Aim of the exercise: Your response should be the complete set of records, reproduced exactly.
___ Records provided
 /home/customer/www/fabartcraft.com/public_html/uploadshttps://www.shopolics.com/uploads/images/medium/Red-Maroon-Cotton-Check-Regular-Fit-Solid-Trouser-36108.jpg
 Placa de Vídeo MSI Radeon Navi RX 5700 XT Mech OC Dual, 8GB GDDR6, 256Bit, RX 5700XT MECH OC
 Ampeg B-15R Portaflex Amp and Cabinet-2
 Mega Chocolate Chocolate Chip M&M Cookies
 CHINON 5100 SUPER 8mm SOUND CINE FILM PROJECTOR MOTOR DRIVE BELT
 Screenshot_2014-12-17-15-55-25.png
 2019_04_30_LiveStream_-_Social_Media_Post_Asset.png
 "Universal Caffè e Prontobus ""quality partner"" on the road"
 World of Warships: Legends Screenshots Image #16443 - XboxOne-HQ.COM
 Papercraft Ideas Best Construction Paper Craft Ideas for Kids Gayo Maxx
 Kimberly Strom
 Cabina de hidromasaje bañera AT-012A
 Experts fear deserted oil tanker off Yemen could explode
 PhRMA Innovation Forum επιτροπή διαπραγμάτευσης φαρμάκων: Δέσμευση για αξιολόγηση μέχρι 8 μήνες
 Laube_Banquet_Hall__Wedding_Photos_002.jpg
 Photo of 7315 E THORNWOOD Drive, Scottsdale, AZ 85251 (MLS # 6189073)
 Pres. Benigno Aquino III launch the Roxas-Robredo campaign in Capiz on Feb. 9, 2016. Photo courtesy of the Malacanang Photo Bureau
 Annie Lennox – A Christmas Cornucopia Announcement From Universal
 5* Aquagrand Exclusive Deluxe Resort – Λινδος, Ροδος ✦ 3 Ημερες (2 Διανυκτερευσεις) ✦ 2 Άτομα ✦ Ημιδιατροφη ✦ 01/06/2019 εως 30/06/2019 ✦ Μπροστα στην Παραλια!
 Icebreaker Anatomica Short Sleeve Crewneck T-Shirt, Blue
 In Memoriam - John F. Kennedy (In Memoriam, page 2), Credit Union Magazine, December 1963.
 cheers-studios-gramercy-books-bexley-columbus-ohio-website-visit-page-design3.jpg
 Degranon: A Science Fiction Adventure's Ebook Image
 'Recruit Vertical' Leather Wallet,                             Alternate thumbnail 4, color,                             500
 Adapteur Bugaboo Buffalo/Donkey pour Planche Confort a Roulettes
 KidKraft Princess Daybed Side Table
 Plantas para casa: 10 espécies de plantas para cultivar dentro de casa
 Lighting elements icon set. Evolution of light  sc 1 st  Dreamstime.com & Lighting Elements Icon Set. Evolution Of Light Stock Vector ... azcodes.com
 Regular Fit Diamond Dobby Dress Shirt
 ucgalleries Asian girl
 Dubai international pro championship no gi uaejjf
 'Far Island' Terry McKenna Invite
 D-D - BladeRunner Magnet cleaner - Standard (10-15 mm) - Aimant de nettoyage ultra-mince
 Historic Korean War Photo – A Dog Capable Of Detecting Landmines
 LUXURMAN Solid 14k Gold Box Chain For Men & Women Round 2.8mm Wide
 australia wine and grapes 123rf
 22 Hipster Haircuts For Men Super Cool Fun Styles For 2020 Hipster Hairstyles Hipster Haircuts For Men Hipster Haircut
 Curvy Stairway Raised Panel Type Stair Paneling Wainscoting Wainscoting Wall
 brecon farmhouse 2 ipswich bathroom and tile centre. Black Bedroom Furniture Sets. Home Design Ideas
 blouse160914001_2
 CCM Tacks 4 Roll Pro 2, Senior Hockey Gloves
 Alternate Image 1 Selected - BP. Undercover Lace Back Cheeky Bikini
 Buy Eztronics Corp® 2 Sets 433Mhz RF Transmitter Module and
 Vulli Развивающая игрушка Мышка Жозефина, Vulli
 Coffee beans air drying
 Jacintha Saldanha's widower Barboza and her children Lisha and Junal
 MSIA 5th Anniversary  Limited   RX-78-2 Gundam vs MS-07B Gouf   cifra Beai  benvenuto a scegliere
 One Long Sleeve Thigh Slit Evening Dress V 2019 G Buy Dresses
______
Solution for this task:
 /home/customer/www/fabartcraft.com/public_html/uploadshttps://www.shopolics.com/uploads/images/medium/Red-Maroon-Cotton-Check-Regular-Fit-Solid-Trouser-36108.jpg
 Placa de Vídeo MSI Radeon Navi RX 5700 XT Mech OC Dual, 8GB GDDR6, 256Bit, RX 5700XT MECH OC
 Ampeg B-15R Portaflex Amp and Cabinet-2
 Mega Chocolate Chocolate Chip M&M Cookies
 CHINON 5100 SUPER 8mm SOUND CINE FILM PROJECTOR MOTOR DRIVE BELT
 Screenshot_2014-12-17-15-55-25.png
 2019_04_30_LiveStream_-_Social_Media_Post_Asset.png
 "Universal Caffè e Prontobus ""quality partner"" on the road"
 World of Warships: Legends Screenshots Image #16443 - XboxOne-HQ.COM
 Papercraft Ideas Best Construction Paper Craft Ideas for Kids Gayo Maxx
 Kimberly Strom
 Cabina de hidromasaje bañera AT-012A
 Experts fear deserted oil tanker off Yemen could explode
 PhRMA Innovation Forum επιτροπή διαπραγμάτευσης φαρμάκων: Δέσμευση για αξιολόγηση μέχρι 8 μήνες
 Laube_Banquet_Hall__Wedding_Photos_002.jpg
 Photo of 7315 E THORNWOOD Drive, Scottsdale, AZ 85251 (MLS # 6189073)
 Pres. Benigno Aquino III launch the Roxas-Robredo campaign in Capiz on Feb. 9, 2016. Photo courtesy of the Malacanang Photo Bureau
 Annie Lennox – A Christmas Cornucopia Announcement From Universal
 5* Aquagrand Exclusive Deluxe Resort – Λινδος, Ροδος ✦ 3 Ημερες (2 Διανυκτερευσεις) ✦ 2 Άτομα ✦ Ημιδιατροφη ✦ 01/06/2019 εως 30/06/2019 ✦ Μπροστα στην Παραλια!
 Icebreaker Anatomica Short Sleeve Crewneck T-Shirt, Blue
 In Memoriam - John F. Kennedy (In Memoriam, page 2), Credit Union Magazine, December 1963.
 cheers-studios-gramercy-books-bexley-columbus-ohio-website-visit-page-design3.jpg
 Degranon: A Science Fiction Adventure's Ebook Image
 'Recruit Vertical' Leather Wallet,                             Alternate thumbnail 4, color,                             500
 Adapteur Bugaboo Buffalo/Donkey pour Planche Confort a Roulettes
 KidKraft Princess Daybed Side Table
 Plantas para casa: 10 espécies de plantas para cultivar dentro de casa
 Lighting elements icon set. Evolution of light  sc 1 st  Dreamstime.com & Lighting Elements Icon Set. Evolution Of Light Stock Vector ... azcodes.com
 Regular Fit Diamond Dobby Dress Shirt
 ucgalleries Asian girl
 Dubai international pro championship no gi uaejjf
 'Far Island' Terry McKenna Invite
 D-D - BladeRunner Magnet cleaner - Standard (10-15 mm) - Aimant de nettoyage ultra-mince
 Historic Korean War Photo – A Dog Capable Of Detecting Landmines
 LUXURMAN Solid 14k Gold Box Chain For Men & Women Round 2.8mm Wide
 australia wine and grapes 123rf
 22 Hipster Haircuts For Men Super Cool Fun Styles For 2020 Hipster Hairstyles Hipster Haircuts For Men Hipster Haircut
 Curvy Stairway Raised Panel Type Stair Paneling Wainscoting Wainscoting Wall
 brecon farmhouse 2 ipswich bathroom and tile centre. Black Bedroom Furniture Sets. Home Design Ideas
 blouse160914001_2
 CCM Tacks 4 Roll Pro 2, Senior Hockey Gloves
 Alternate Image 1 Selected - BP. Undercover Lace Back Cheeky Bikini
 Buy Eztronics Corp® 2 Sets 433Mhz RF Transmitter Module and
 Vulli Развивающая игрушка Мышка Жозефина, Vulli
 Coffee beans air drying
 Jacintha Saldanha's widower Barboza and her children Lisha and Junal
 MSIA 5th Anniversary  Limited   RX-78-2 Gundam vs MS-07B Gouf   cifra Beai  benvenuto a scegliere
 One Long Sleeve Thigh Slit Evening Dress V 2019 G Buy Dresses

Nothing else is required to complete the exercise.